**** Recorded data ****

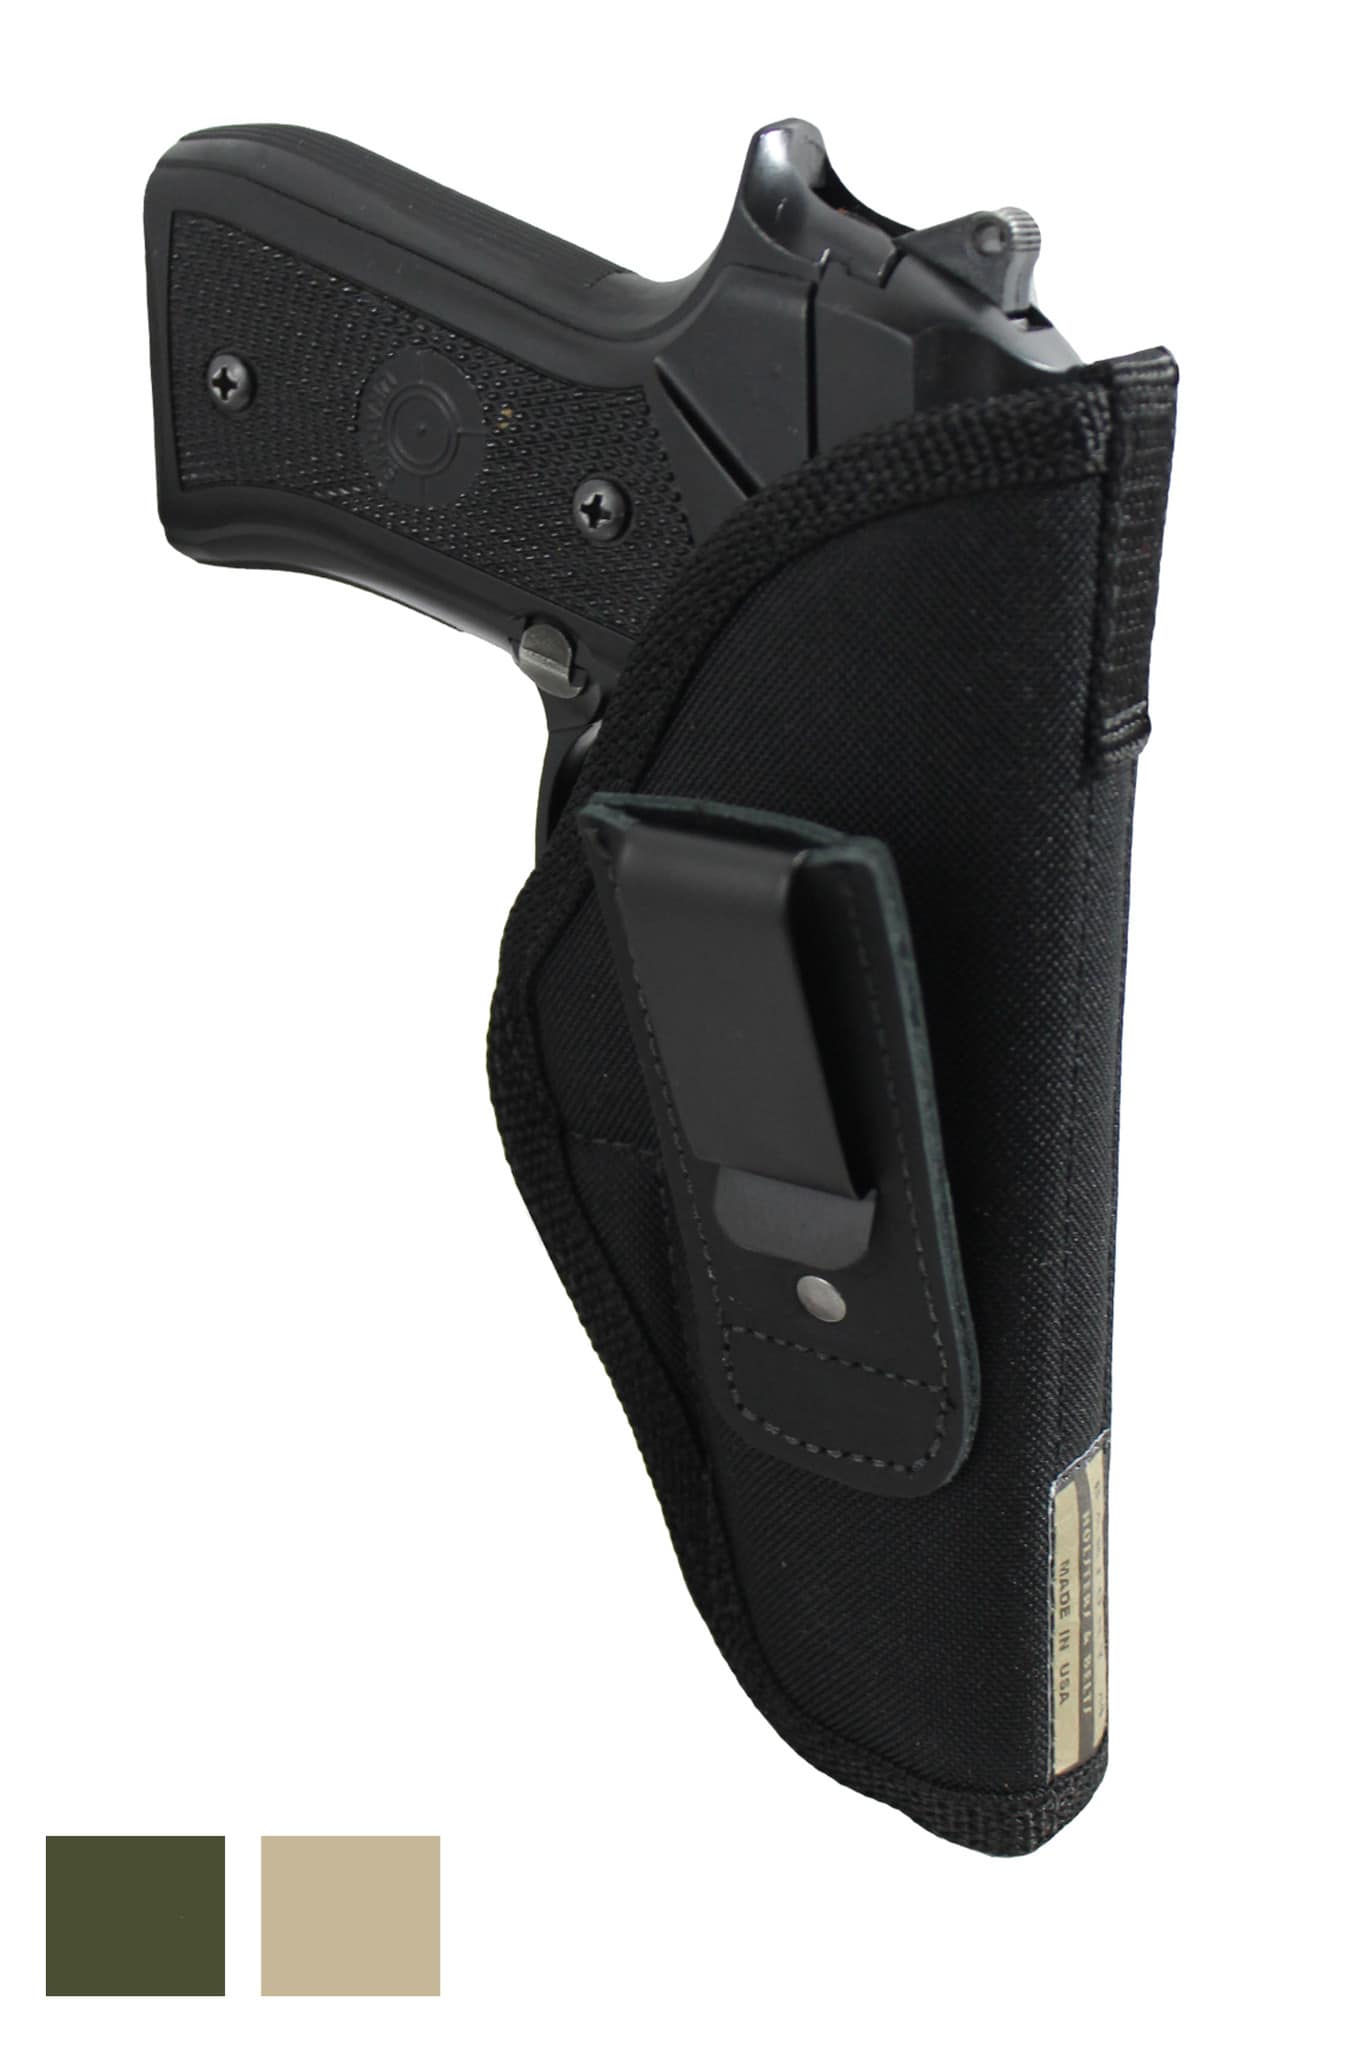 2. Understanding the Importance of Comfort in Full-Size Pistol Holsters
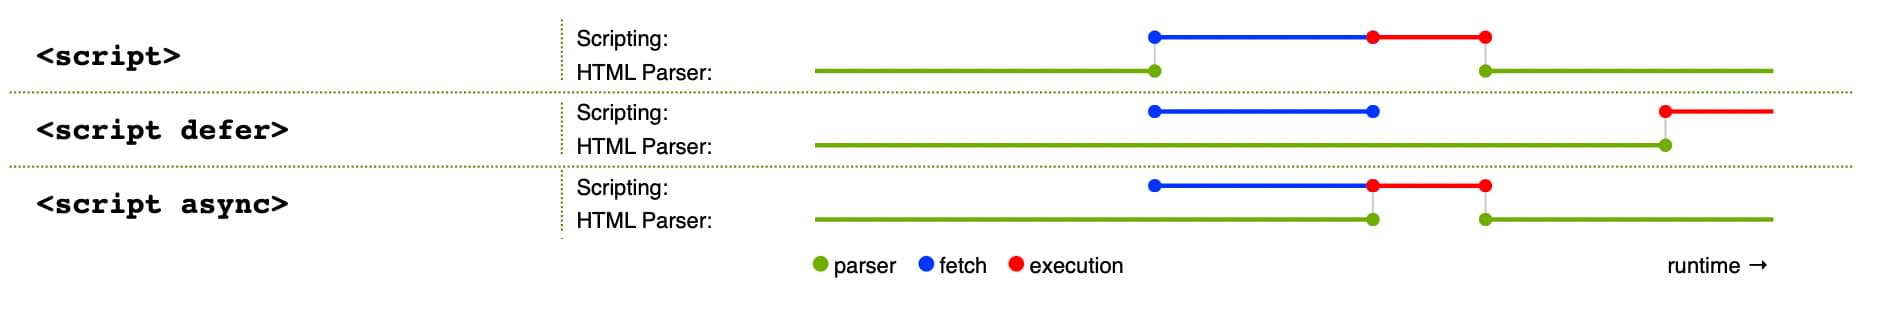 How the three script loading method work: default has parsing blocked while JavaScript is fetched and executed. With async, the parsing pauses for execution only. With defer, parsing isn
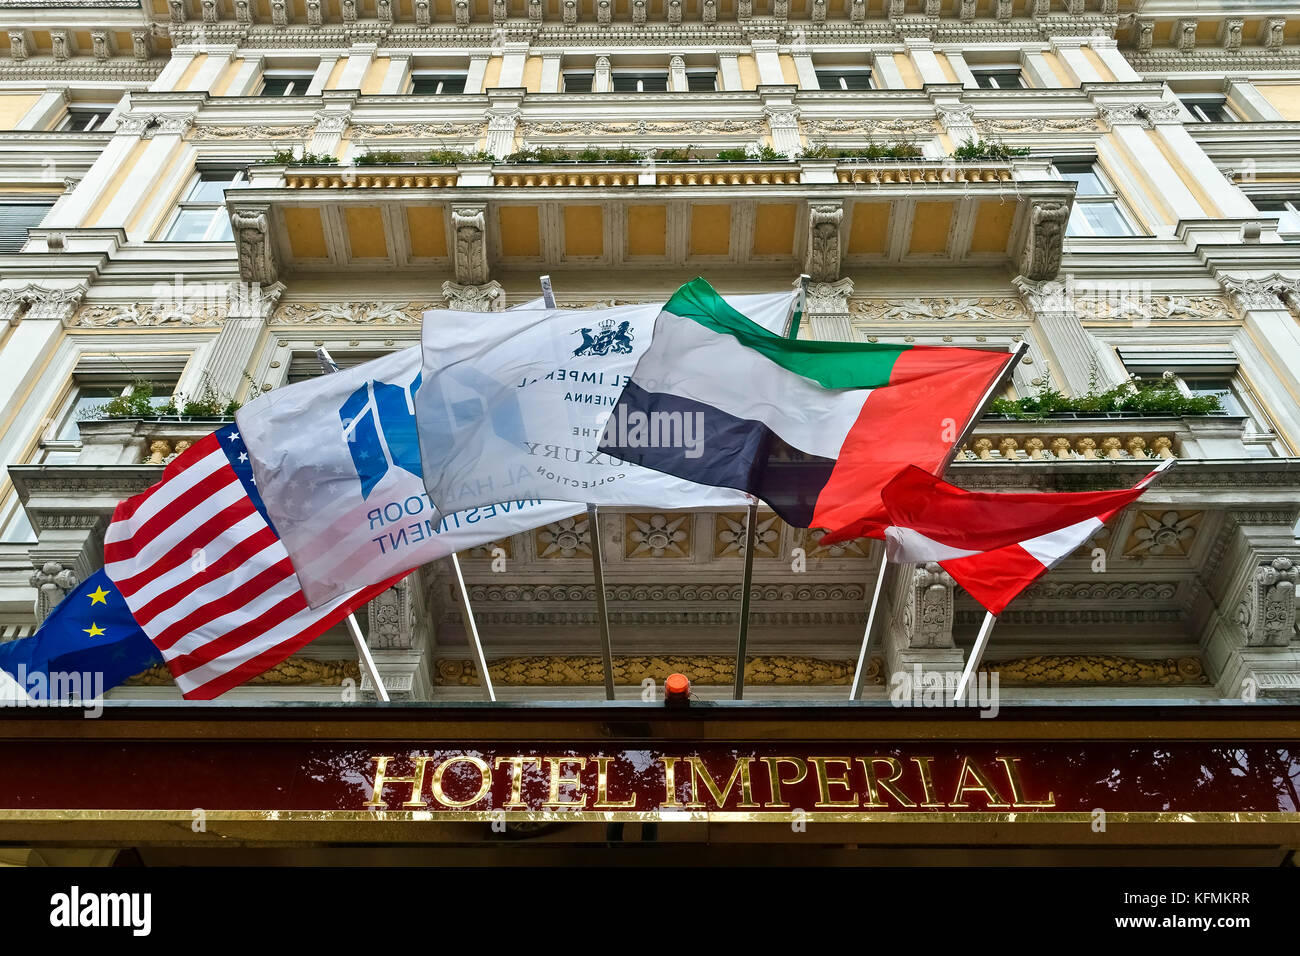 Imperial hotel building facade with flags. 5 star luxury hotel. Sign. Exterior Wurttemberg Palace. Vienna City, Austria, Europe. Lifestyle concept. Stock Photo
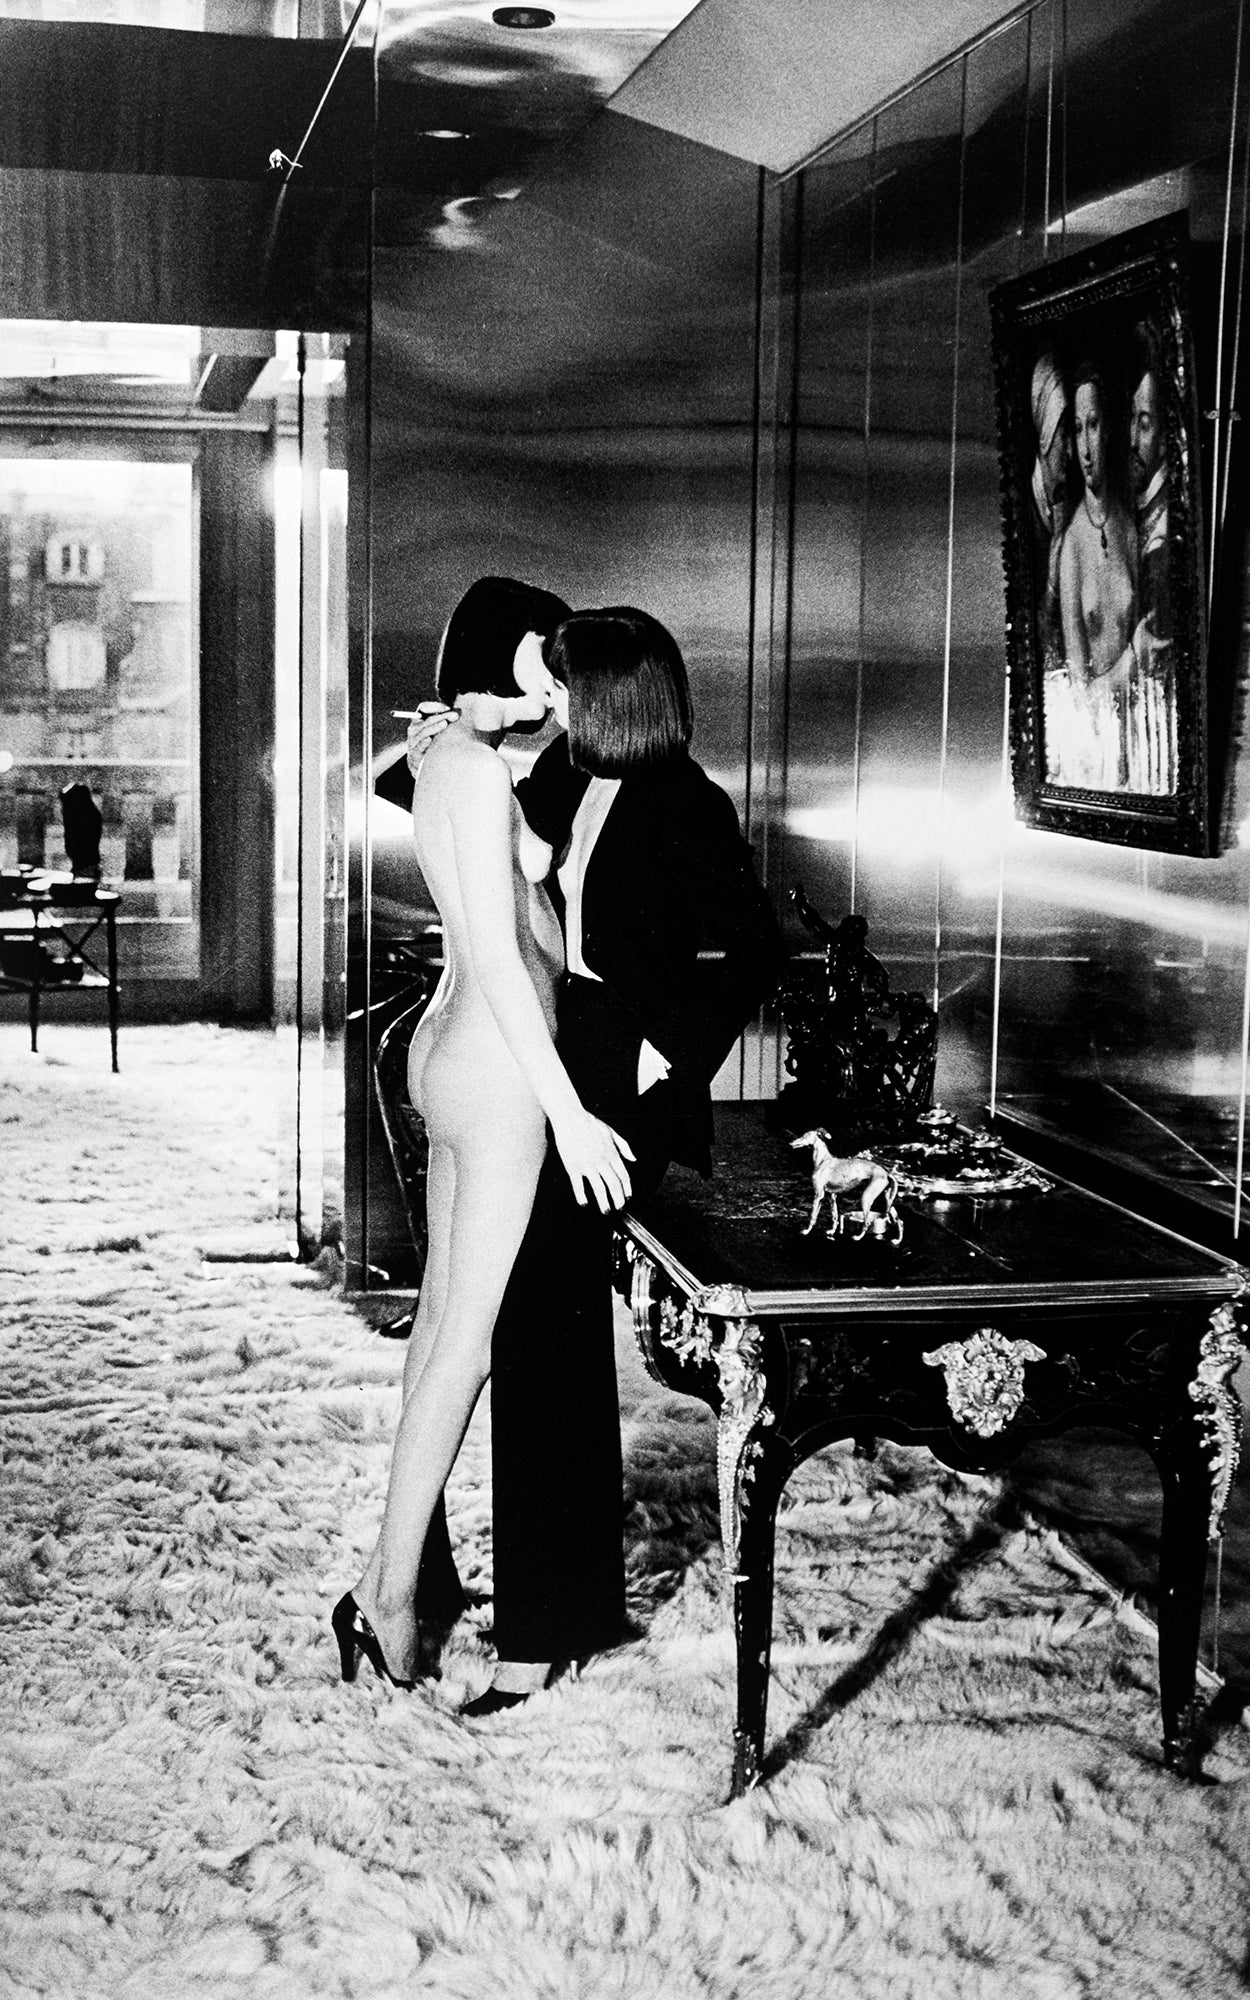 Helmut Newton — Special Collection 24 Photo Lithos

****

▸ Your objective
Leaving every picture aside, repeat the listing exactly.

▸ Result of the task
 2. Understanding the Importance of Comfort in Full-Size Pistol Holsters
 How the three script loading method work: default has parsing blocked while JavaScript is fetched and executed. With async, the parsing pauses for execution only. With defer, parsing isn
 Imperial hotel building facade with flags. 5 star luxury hotel. Sign. Exterior Wurttemberg Palace. Vienna City, Austria, Europe. Lifestyle concept. Stock Photo
 Helmut Newton — Special Collection 24 Photo Lithos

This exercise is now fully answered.